The rapid advancement of large models, driven by their exceptional abilities in learning and generalization through large-scale pre-training, has reshaped the landscape of Artificial Intelligence (AI). These models are now foundational to a wide range of applications, including conversational AI, recommendation systems, autonomous driving, content generation, medical diagnostics, and scientific discovery. However, their widespread deployment also exposes them to significant safety risks, raising concerns about robustness, reliability, and ethical implications.
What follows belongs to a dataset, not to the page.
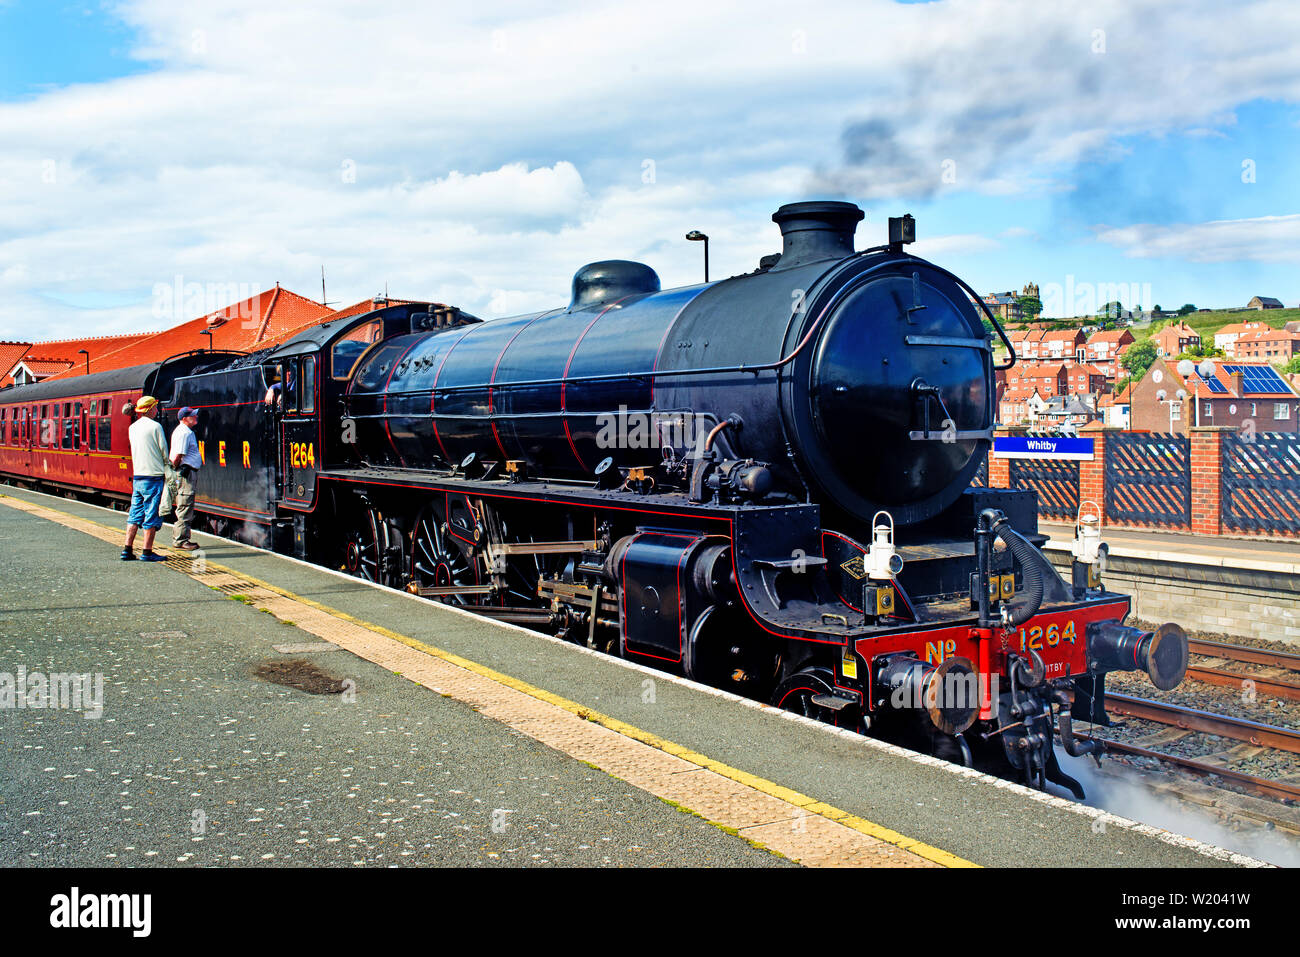 LNER B1 Class No 1264 at Whitby Town Railway Station, Whitby, North Yorkshire, England Stock Photo

This monograph provides a systematic review of current safety research on large models, covering Vision Foundation Models (VFMs), Large Language Models (LLMs), Vision-Language Pre-training (VLP) models, Vision-Language Models (VLMs), Diffusion Models (DMs), and large-model-powered Agents.
The monograph covers the following topics: (1) A comprehensive taxonomy of safety threats to these models is presented, including adversarial attacks, data poisoning, backdoor attacks, jailbreak and prompt injection attacks, energy-latency attacks, data and model extraction attacks, and emerging agent-specific threats. (2) Defense strategies proposed for each type of attack, if available, are reviewed, and the commonly used datasets and benchmarks for safety research are summarized. (3) Building on this, open challenges in large model safety are identified and discussed, emphasizing the need for comprehensive safety evaluations, scalable and effective defense mechanisms, and sustainable data practices. More importantly, the necessity of collective efforts from the research community and international collaboration is highlighted. This monograph can serve as a useful reference for researchers and practitioners, fostering the ongoing development of comprehensive defense systems and platforms to safeguard AI models.